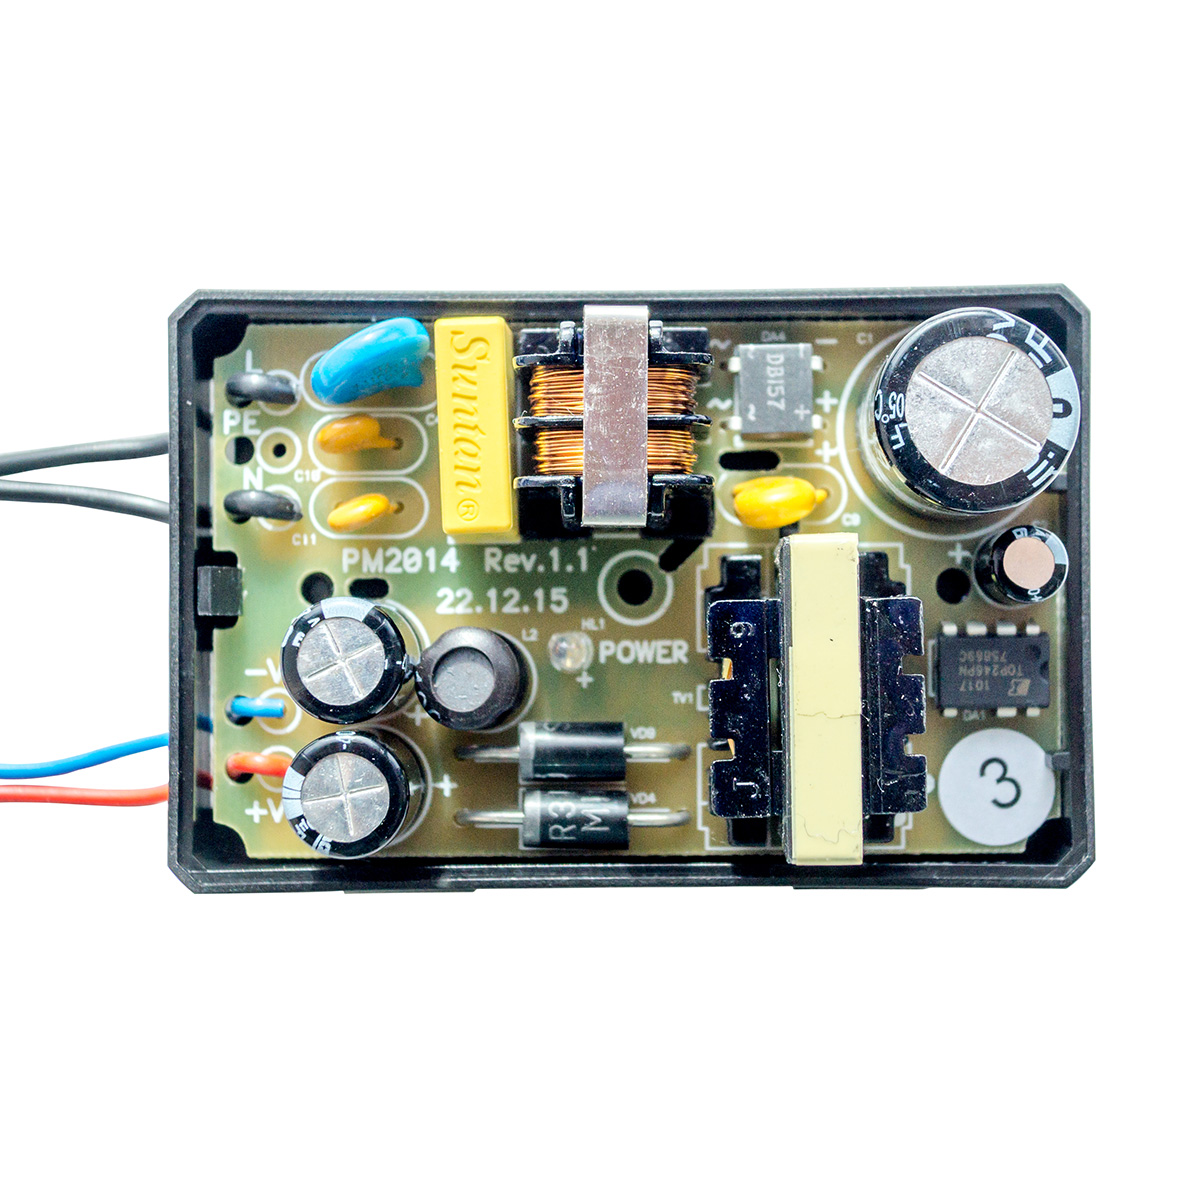 Блок питания для контроллеров Мираж-GSM-M8-03, Мираж-GSM-А8-03. Выходное напряжение 14,25В, выходной ток 1,4А, выходная мощность 20Вт.
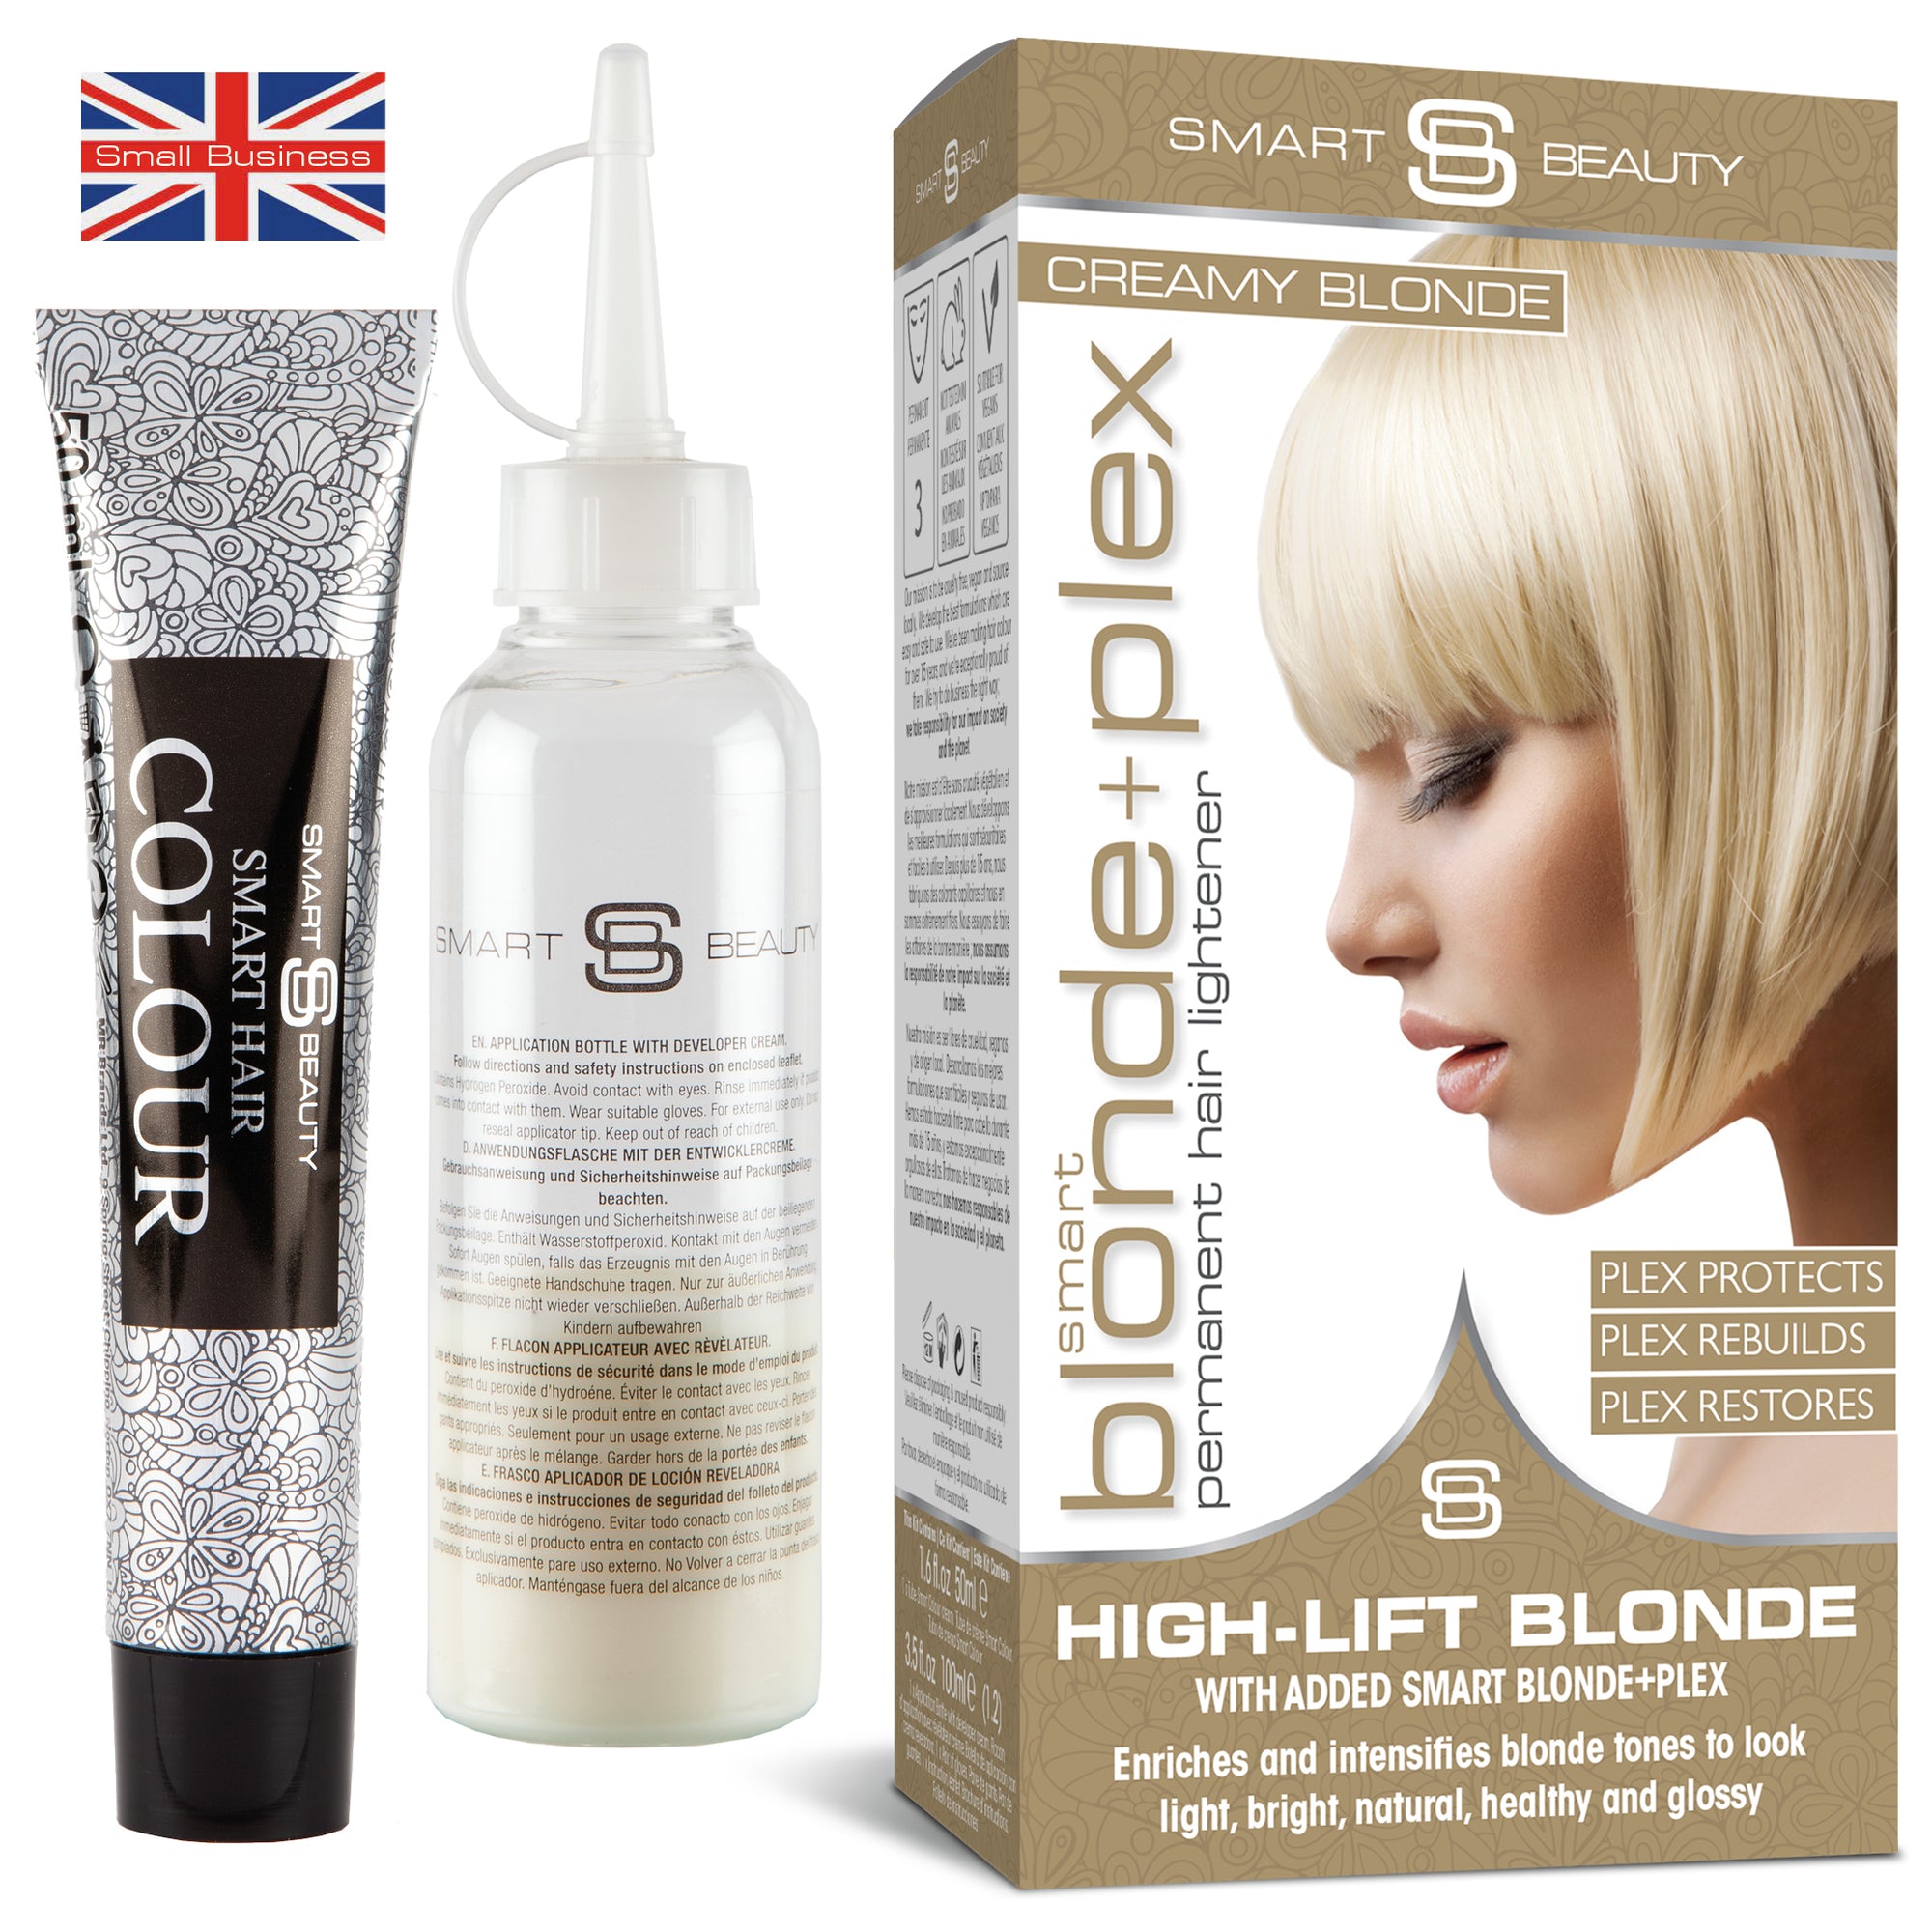 Blonde+plex | Summer Blonde Permanent Hair Dye
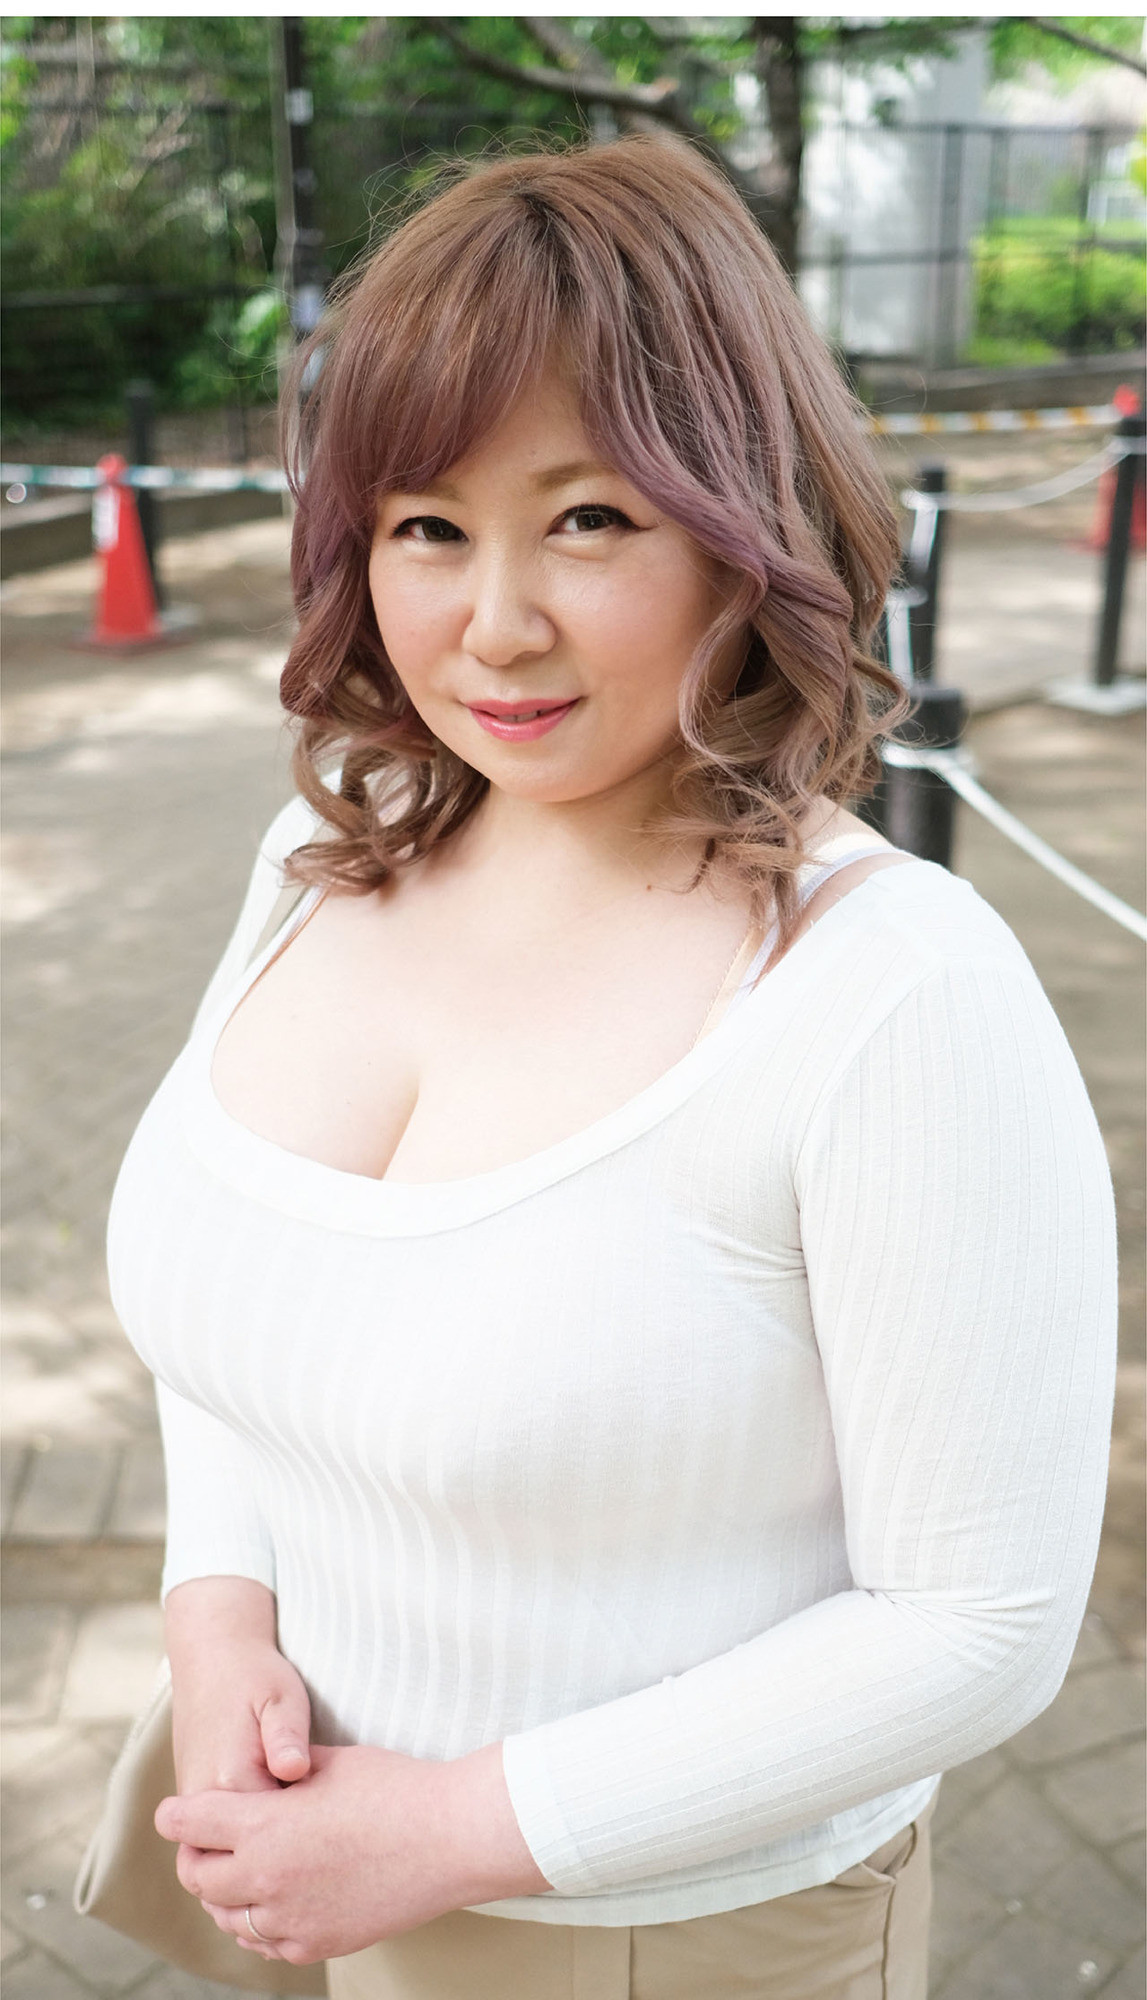 日本で一番ドスケベなおデブさん認定！ぽっちゃり熟女専門店のカリスマ爆乳風俗嬢、痴女りまくり15発射させるプライベート動画公開します。 律子（53歳） 画像2

• [THE PROBLEM]
Print out all the material above exactly as it appears, omitting the images.

• [FINAL ANSWER]
 Блок питания для контроллеров Мираж-GSM-M8-03, Мираж-GSM-А8-03. Выходное напряжение 14,25В, выходной ток 1,4А, выходная мощность 20Вт.
 Blonde+plex | Summer Blonde Permanent Hair Dye
 日本で一番ドスケベなおデブさん認定！ぽっちゃり熟女専門店のカリスマ爆乳風俗嬢、痴女りまくり15発射させるプライベート動画公開します。 律子（53歳） 画像2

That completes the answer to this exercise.